BIM: Alfabetizzazione, Aggregazione e Selezione

Automation is a long-run problem that demands a long-run solution. Convincing manufacturing companies to keep — or bring back — jobs, one company at a time, is not going to restore the millions of jobs that have been lost to technological change. We must reorient educational institutions and job training around “human” skills that are difficult to automate. These skills include creativity, complex problem-solving, and the ability to work with others in fluid, team-based settings.
David Deming
 
Clients are starting to ask architects to deliver more than just drawing sets. They are eyeing the data-rich BIM models that firms use to document projects as a way to supply data for downstream applications, such as facilities management.
Daniel Davis
 
Il 24 Gennaio 2017 la Sottosegretaria al Ministero Federale delle Infrastrutture Digitali e dei Trasporti Dorothee Bär, nel corso della presentazione, a Berlino, del BIM Master Plan del proprio dicastero, lo collocava all'interno della concezione di una Digitale Nation.

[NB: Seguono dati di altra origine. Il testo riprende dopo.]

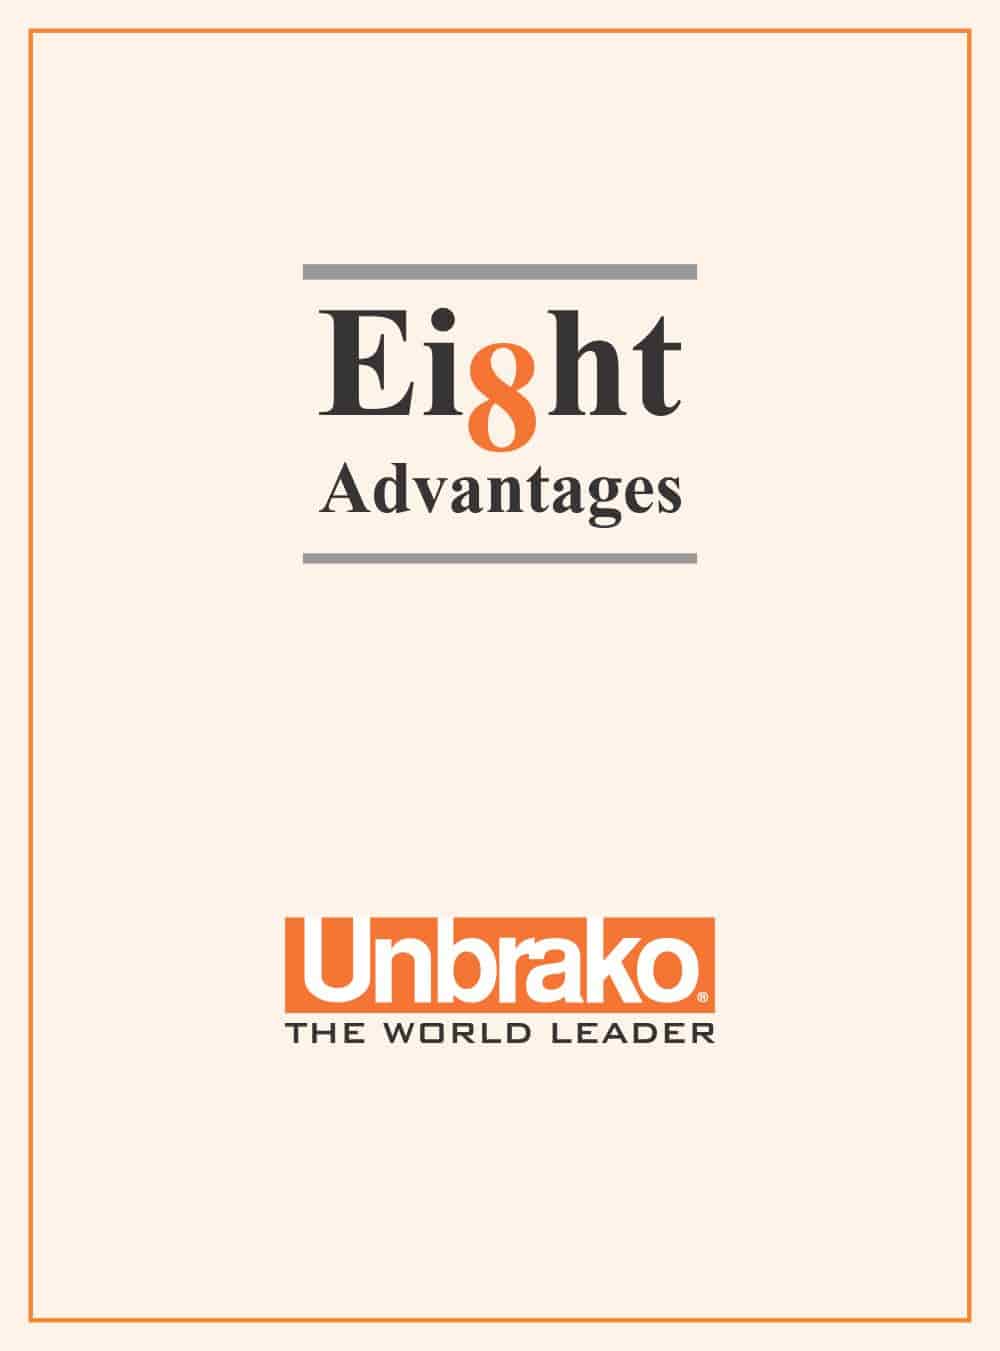 eight advantages of unbrako

Per la verità, con ogni probabilità, anche altri dicasteri federali seguiranno a breve, così come i principali stati germanici, quali, ad esempio, la Renania Palatinato e la Baviera.

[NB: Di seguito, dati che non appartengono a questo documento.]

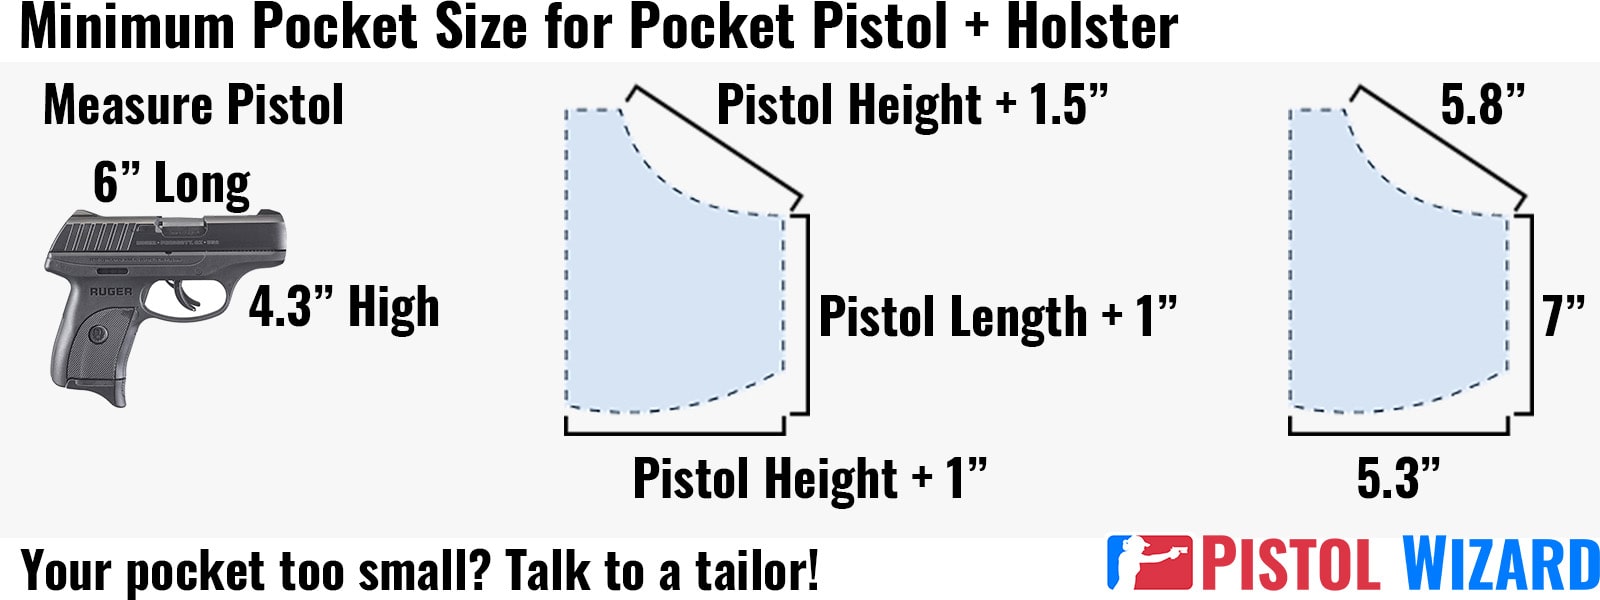 Minimum pocket size for pocket pistol and holster.

Non vi ha dubbio, tra l'altro, che la Germania sia il Paese a cui guardare con maggiore attenzione, sia per il suo ruolo nella UE (in materia di investimenti pubblici) sia, soprattutto, per la struttura conservatrice del mercato domestico, non dissimile, sebbene di maggiore entità, da quello nostrano, anche se oltralpe sia la Bundesarchitektenkammer (BAK) - con il volume intitolato BIM für Architekten - 100 Fragen - 100 Antworten- sia il Verein Deutscher Ingenieure (VDI) - con la Richtlinie VDI 2552 Blatt 3 „Building Information Modeling – Mengen und Controlling - hanno dimostrato una maggiore tempestività nell'assumere l'iniziativa.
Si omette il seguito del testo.